Histones are proteins that the DNA chromosome are wrapped around. Histones are present as an octamer (set of 8 proteins) and they can be modified through acetylation, methylation, SUMOylation, etc. These changes can either open or close up the chromosome. Thus, depending on which histone is modified and the exact process, histone modifications can either silence or promote gene expression (while DNA methylation almost always silences).

Because the sub-field of histone modifications is relatively new, there aren't many results yet. Some studies have found that patients with schizophrenia have higher levels of methylation at H3 (the 3rd histone in the octamer) in the prefrontal cortex, an area that could be related to the negative symptoms. It has also been shown that histone acetylation and phosphorylation is increased at the promoter for the BDNF protein, which is involved in learning and memory.[1]

More recent studies have found that postmortem brain tissue from patients with schizophrenia had higher levels of HDAC, histone deacetylase, an enzyme that remove acetyl groups from histones. HDAC1 levels are inversely correlated with GAD67 protein expression, which is decreased in patients with schizophrenia.[8]

Heritability

Studies have shown that epigenetic changes can be passed on to future generations through meiosis and mitosis.[10] These findings suggest that environmental factors that the parents face can possibly affect how the child's genetic code is regulated. Research findings have shown this to be true for patients with schizophrenia as well. In rats, the transmission of maternal behavior and even stress responses can be attributed to how certain genes in the hippocampus of the mother are methylated.[1] Another study has shown that the methylation of the BDNF gene, which can be affected by early life stress and abuse, is also transmittable to future generations.[11]

Environmental risks and causes

While there haven't been many studies linking environmental factors to schizophrenia-related epigenetics mechanisms at this point in the field, a few studies have shown interesting results. Advanced paternal age is one of the risk factors for schizophrenia, according to recent research. This is through mutagenesis, which cause further spontaneous changes, or through genomic imprinting. As the parent ages, more and more errors may occur in the epigenetic process.[12] There is also evidence of the association between the inhalation of benzene through the burning of wood and schizophrenic development. This might occur through epigenetic changes.[13] Methamphetamine has also been linked to schizophrenia or similar psychotic symptoms. A recent study found that methamphetamine users had altered DNMT1 levels, similar to how patients with schizophrenia have shown abnormal levels of DNMT1 in GABAergic neurons.[14]

One of the most interesting findings relating an environmental factor with schizophrenic epigenetic mechanisms is exposure to nicotine. It has been widely reported that 80% of patients with schizophrenia use some form of tobacco.[15] Furthermore, smoking appeared to increase cognition in individuals with schizophrenia. However, it was only a recent study Satta et al.that showed that nicotine leads to decreased levels of DNMT1 in GABAergic mouse neurons, a molecule which adds methyl groups to DNA. This led to increased expression of GAD67.[16]

Research limitations

There are several limitations to current research methods and scientific findings. One problem with postmortem studies is that they only demonstrate a single snapshot of a patient with schizophrenia. Thus, it is hard to relate whether biomarker findings are related to the pathology of schizophrenia.
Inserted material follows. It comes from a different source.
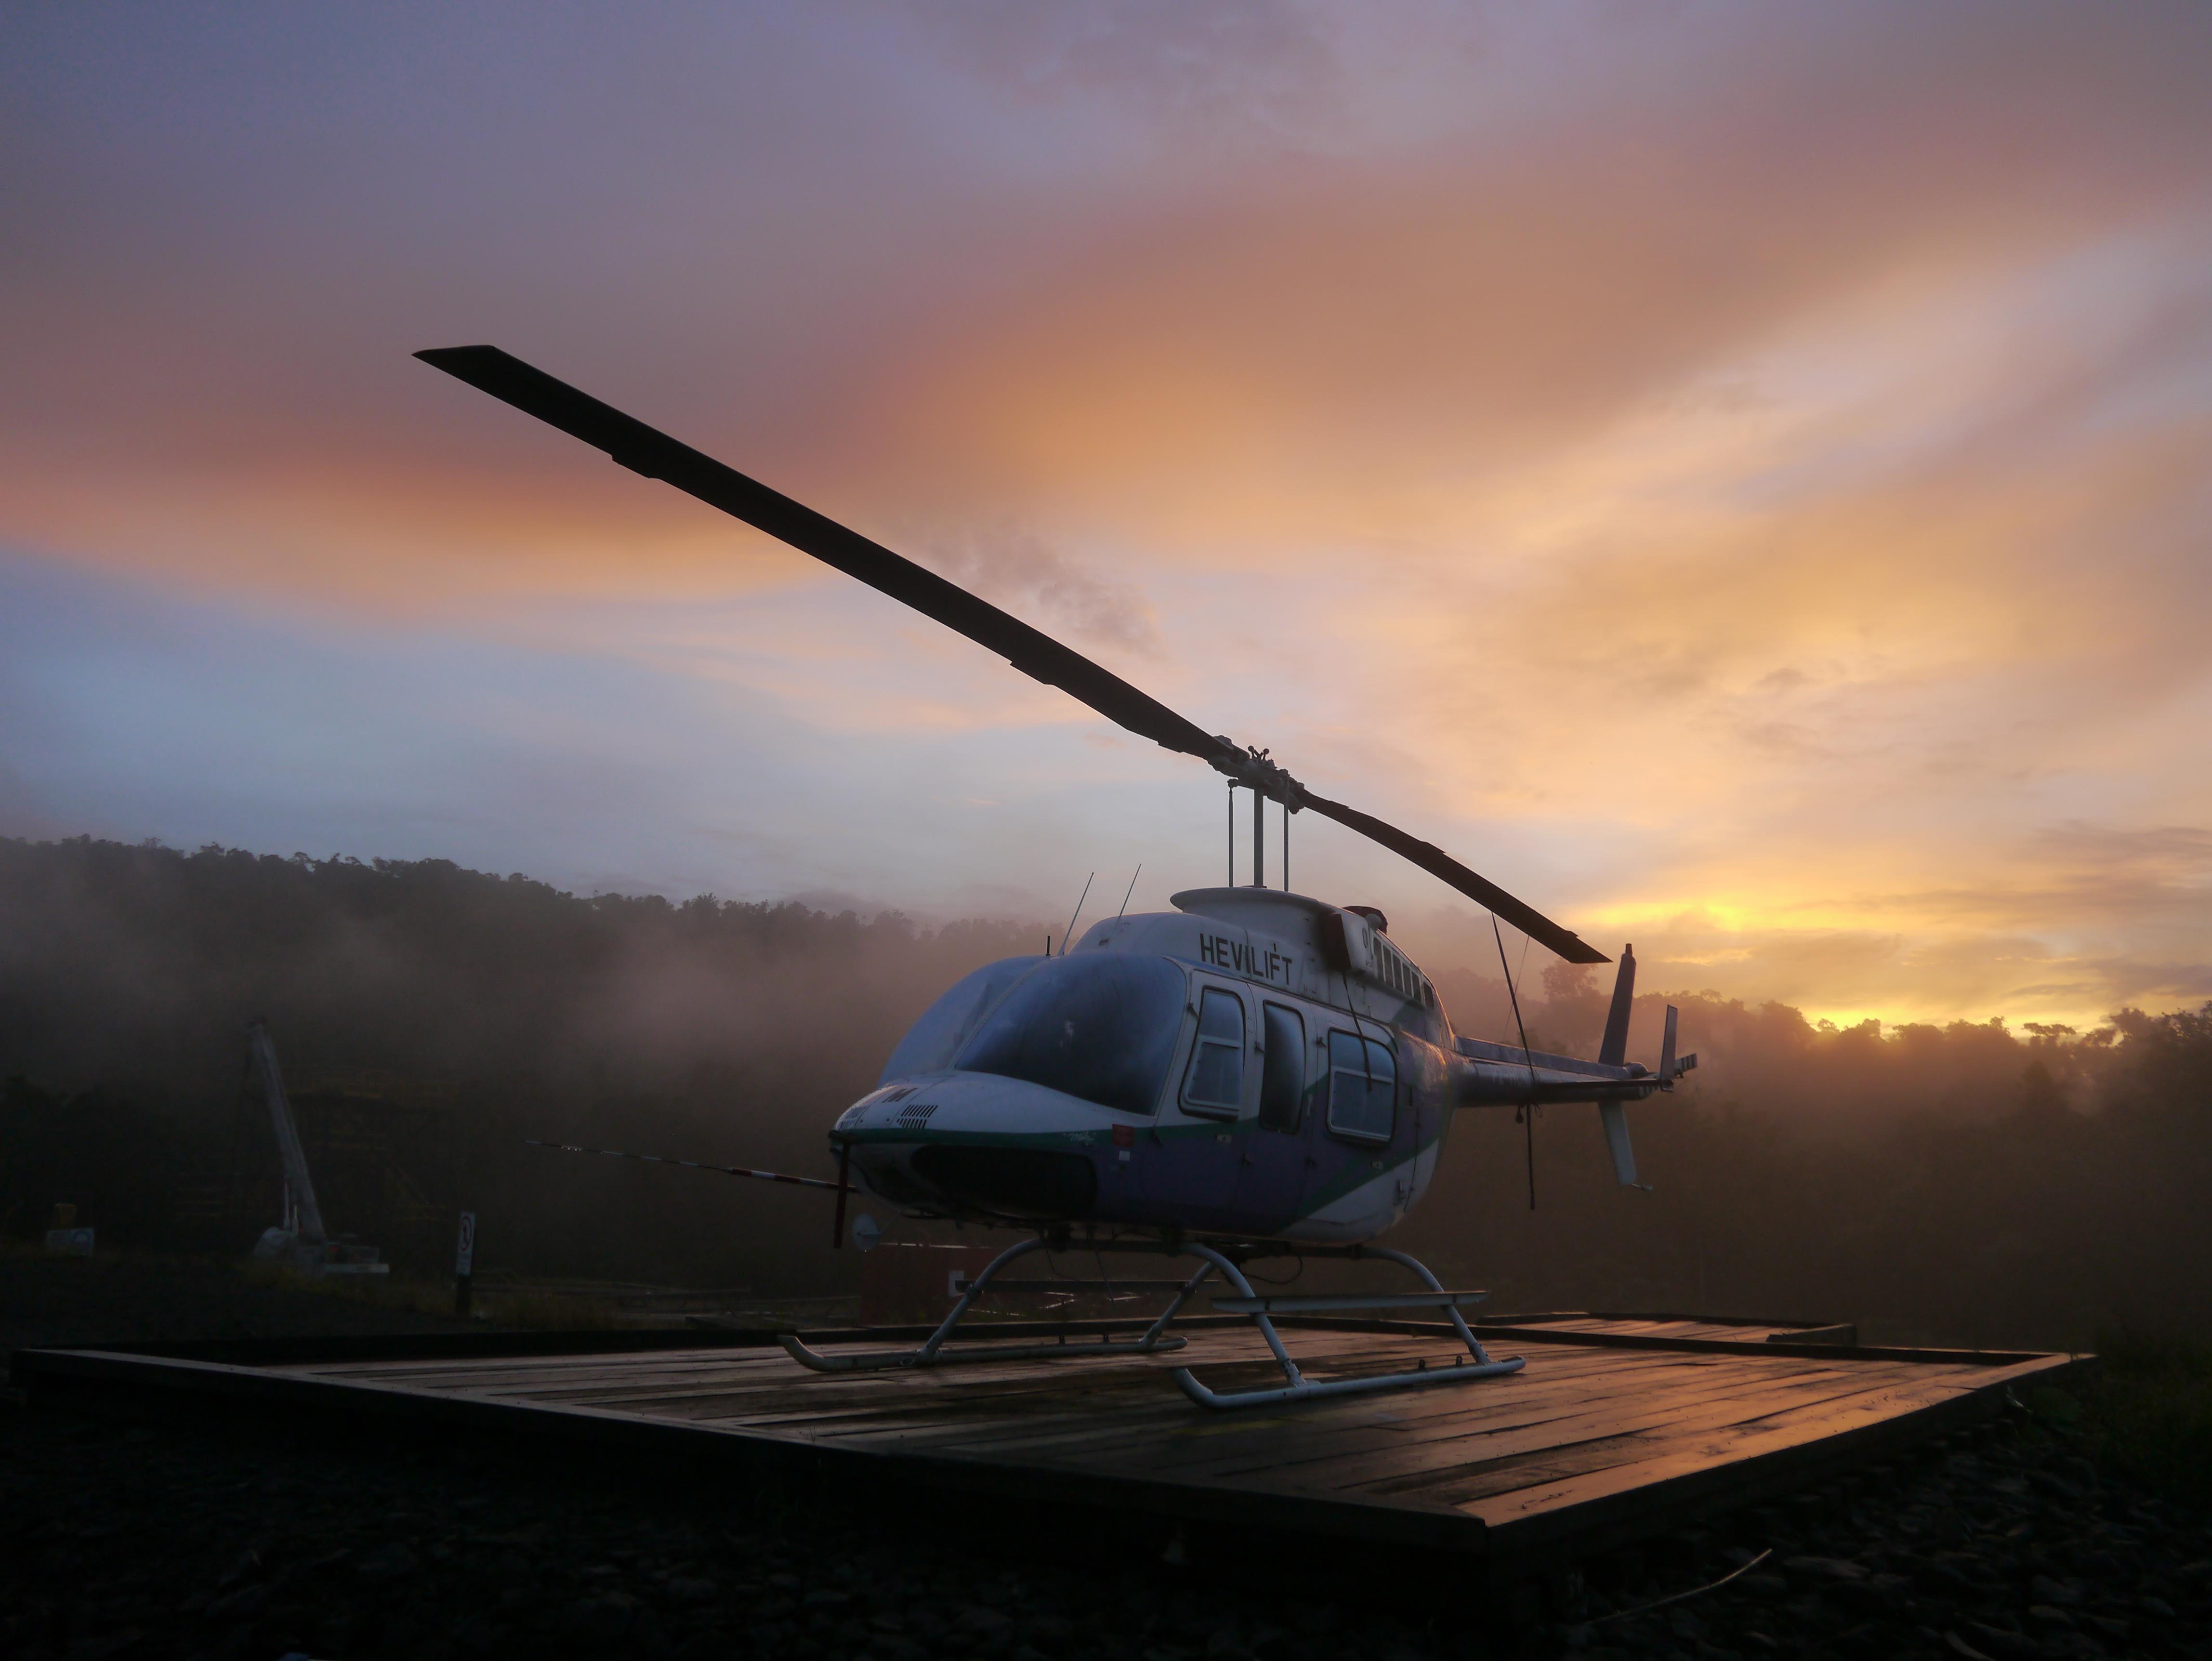 Wallpaper helicopter chopper bell 206 longranger sunrise jungle 4592x3448

Another limitation is that the most relevant tissue, that of the brain, is impossible to obtain in living, patients with schizophrenia. To work around this, several studies have used more accessible sources, like lymphocytes or germ cell lines, since some studies have shown that epigenetic mutations can be detected in other tissues.
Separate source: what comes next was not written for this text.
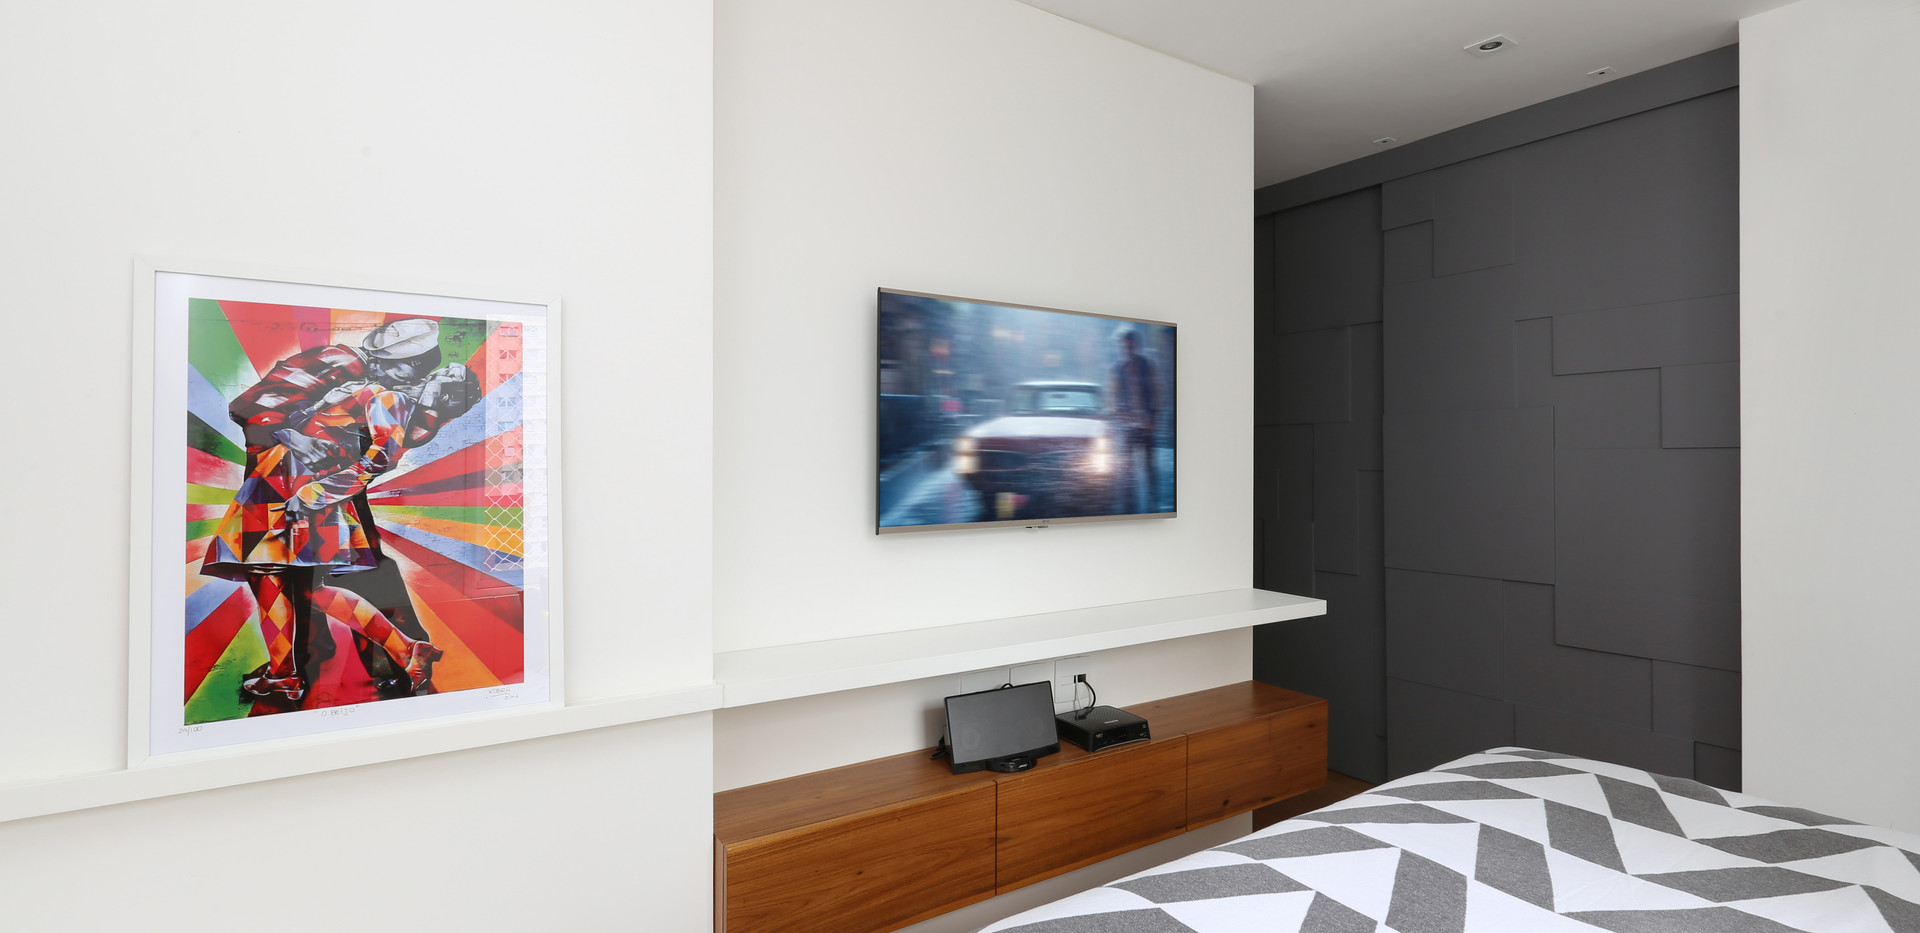 06 - Suite Casal - Foto 02.jpg

Epigenetic studies of disorders like schizophrenia are also subject to the subjectivity of psychiatric diagnoses and the spectrum-like nature of mental health problems. This problem with classification of mental health problems have led to intermediate phenotypes that might be better fit.[9]

Detection and treatment

The advent of epigenetics as an avenue to pursue schizophrenic research has brought about many possibilities for both early detection, diagnoses, and treatment. While this field is still at an early stage, there have already been promising findings. Some postmortem brain studies looking at the gene expression of histone methylation has shown promising results that might be used for early detection in other patients. However, the bulk of the translational research focus and findings have been on therapeutic interventions.[8]

Therapeutics

Since epigenetic changes are reversible and susceptible pharmacological treatments and drugs, there is a great deal of promise in developing treatments. As many have pointed out, schizophrenia is a lifelong disorder that had widespread effects. Thus, it may not be possible to fully reverse the disease. However, recent findings suggest that it is possible to treat patients with schizophrenia, alleviate symptoms, or improve the efficacy of anti-psychotic medication.[8]
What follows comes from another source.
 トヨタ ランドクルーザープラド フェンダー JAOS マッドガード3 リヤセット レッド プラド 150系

Targeting histones modifications

HDAC (histone deacetylase) inhibitors are one class of drugs that are being investigated. Studies have shown that levels of reelin and GAD67 (which are decreased in schizophrenic animal models) are both upregulated after treatment with HDAC inhibitors. Furthermore, there is the added benefit of selectivity, as HDAC inhibitors can be specific to cell type, tissue type, and even regions of the brain.[8]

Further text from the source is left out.